Once the food hits the colon and symptoms begin, there’s not much to do but “grin and bear it.” In the absence of guidelines, the most commonly used therapeutic approach has traditionally been prevention — to eliminate dairy products from the diet. This strategy may have serious complications though, including malnutrition, vitamin D deficiency and osteoporosis. Children receiving a diet deficient in dairy products can develop osteomalacia and rickets.
Recent studies have advocated alternative approaches:
Lactase supplements are added to milk 24 hours ahead of time — 15 mL of solution to a litre of milk will enzymatically hydrolyze the lactose to glucose and galactose. Because the lactose is predigested, the milk actually tastes sweeter.
Alternatively, supplements can be taken orally as a pill just before eating dairy. The enzymes are released in the stomach and small bowel and work as the bolus makes its way down.
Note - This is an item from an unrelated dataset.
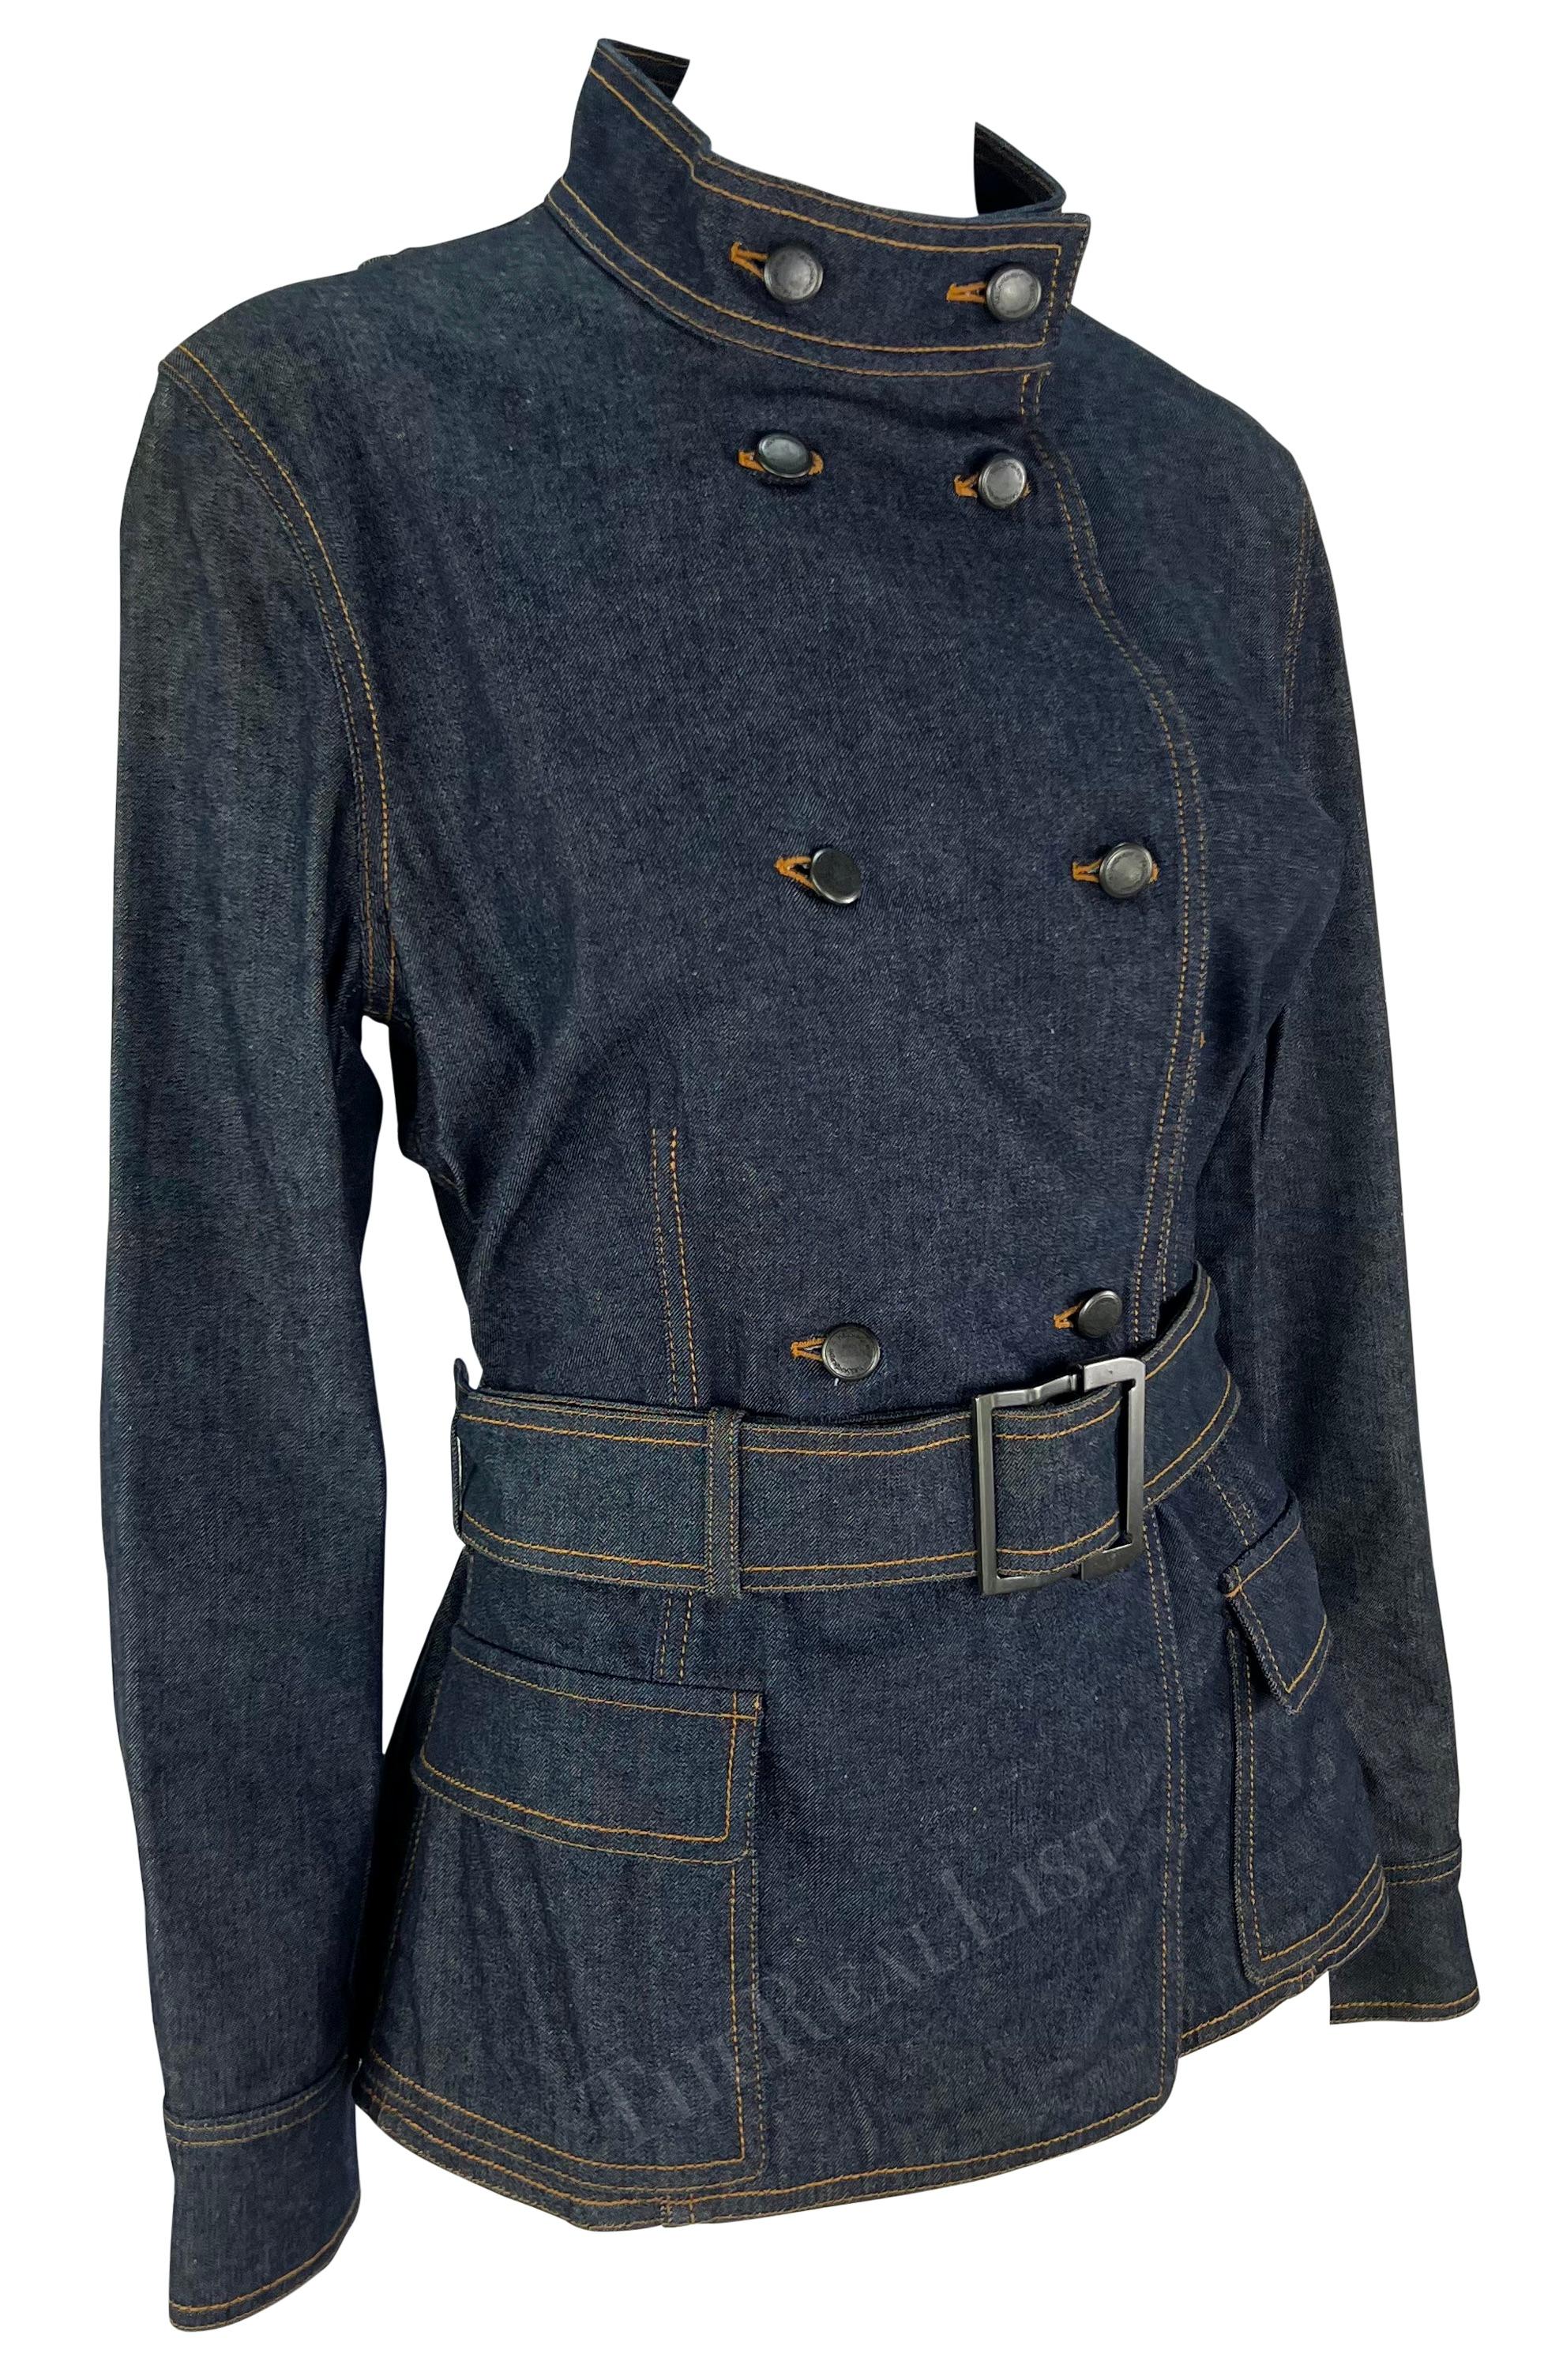 Early 2000s Yves Saint Laurent by Tom Ford Belted Denim Jacket For Sale 2

If remembered only after ingestion of a dairy meal, however, they’re ineffective. The dose varies between individuals and is dependent on the amount and source of lactose consumed. Each person will need to establish for him- or herself the best dose for each situation through trial and error. Usually, 3 regular-strength tablets or 1 ultracaplet will prevent symptoms.
Aged cheeses and ice cream can often be tolerated — the lactose contents of mozzarella, Swiss and cheddar are negligible. Lactobacillus-containing yoghurts are easy on the system as well.
Research shows that it’s helpful to reduce lactose intolerance by allowing more time for the existing lactase in the small intestine to do its job. The strategy is therefore to keep the food there longer. Additionally, if mixed with other ingredients, the lactose in the bolus isn’t as concentrated. Milk products should thus be drunk or eaten in combination with high-fibre foods, whole wheat bread, bran cereal, fruits and vegetables. Fat content may also decrease gastric and small bowel motility, so it’s best to avoid low-fat milk.
Recognizing that patients may be able to tolerate limited dairy products, it’s better to have frequent small volumes rather than large volumes at a single sitting. Cold liquids may be better absorbed than warm, as they can delay gastric emptying.
In patients with secondary lactose intolerance, treatment of the underlying condition should improve lactose absorption. Consider metronidazole in cases of giardiasis. Individuals with celiac disease might be more tolerant to lactose on a gluten-free diet. Patients with possible bacterial overgrowth may benefit from antibiotic therapy.
Robert J. Fingerote, MD, MSc, FRCPC is a 1980 graduate of the University of Manitoba. He is an attending physician and consultant in hepatology and gastroenterology at York Central Hospital in Richmond Hill, Ontario.